Insulin Makers Lowered Prices to Save — and Make — Money

Drugmaker Sanofi said Thursday that it will cut the list price of its most widely prescribed insulin by 78% and cap out-of-pocket costs for the drug at $35 a month for all patients with private insurance. The moves, set to take effect in 2024, come after Eli Lilly and Novo Nordisk made similar announcements. The three companies are the top manufacturers of insulin, with a combined 80% of the market.

The price reductions follow years of pressure from patients, politicians and advocates angered by the soaring prices of the drug needed by diabetics, many of whom resorted to rationing doses as they struggled to afford their medication. The Inflation Reduction Act passed by congressional Democrats last year limited the monthly cost of insulin for Medicare beneficiaries to $35, adding to the pressure.

“Sanofi is the latest company to recognize that charging hundreds of dollars for insulin that costs $10 to produce is just wrong, especially when the lives of so many children, parents, and grandparents depend on it,” President Joe Biden said in a statement.

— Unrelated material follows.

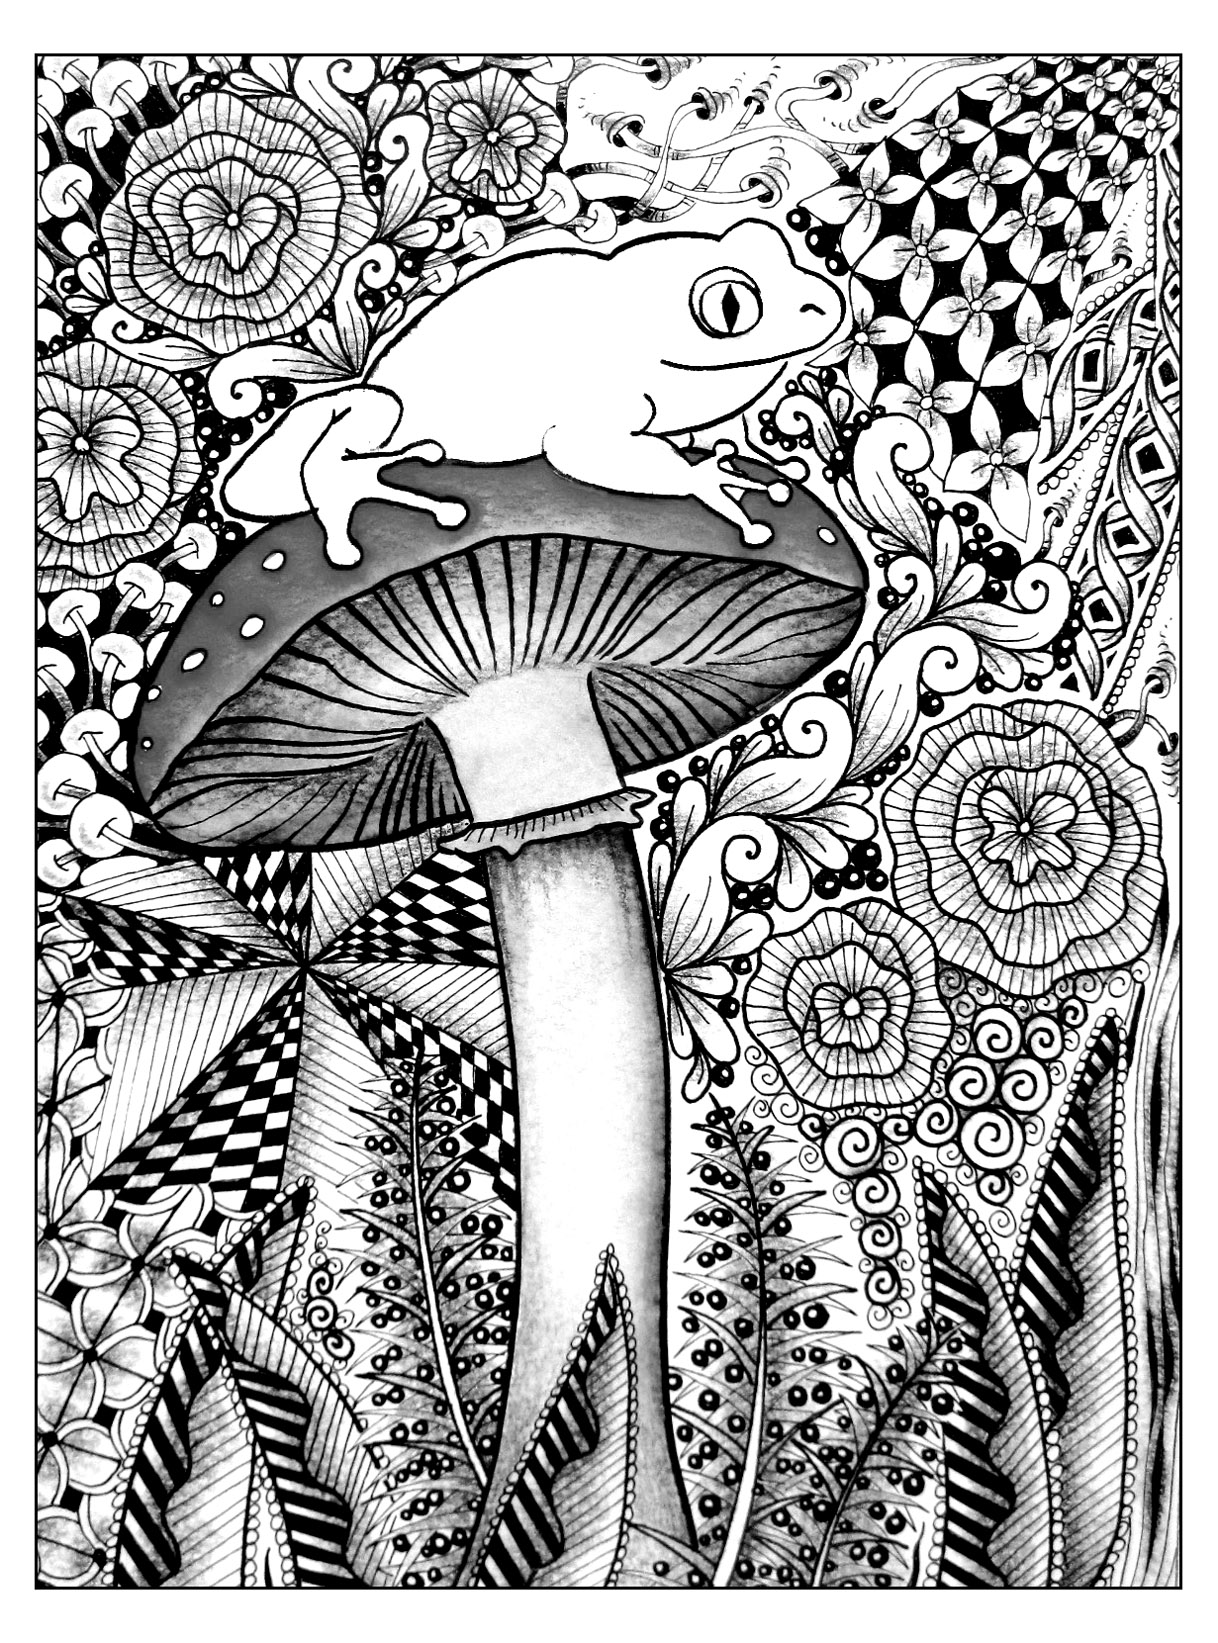 Una bonita rana posada en una seta. ¡Todo un reto! En este dibujo, una bonita rana está posada sobre una seta. Están rodeados de una vegetación hipnotizante ... Hay muchos detalles a tener en cuenta para realizar esta coloración.

But as a number of publications have pointed out, the pricing changes by drugmakers aren’t entirely altruistic. “The companies said they decided to lower costs to ensure that patients could afford their medications. But Novo Nordisk and Sanofi's changes kick in on Jan. 1 and coincide with the elimination of a cap that limits how much manufacturers have to rebate Medicaid,” Oriana González writes at Axios. “Eli Lilly, Sanofi and Novo Nordisk's new low costs will save them from owing the government millions.”

The Medicaid rebate reforms were part of the American Rescue Plan Act of 2021. The changes could have cost insulin makers millions. By contrast, cutting their insulin prices now could actually help them make money from Medicaid.

“By dropping the cost of its Humalog and Humulin insulins, Lilly could sidestep $430 million per year in new Medicaid rebates and make more than $85 million in new annual profit,” Bloomberg’s Ilena Peng and Emma Court reported this week, citing an analysis by Spencer Perlman, the director of health-care research at Veda Partners. “Novo, meanwhile, could avoid about $350 million in new 2024 rebates on [insulin products] NovoLog and Levemir and add earnings of nearly $210 million, Perlman said. He estimated that both companies currently earn nothing on Medicaid sales.”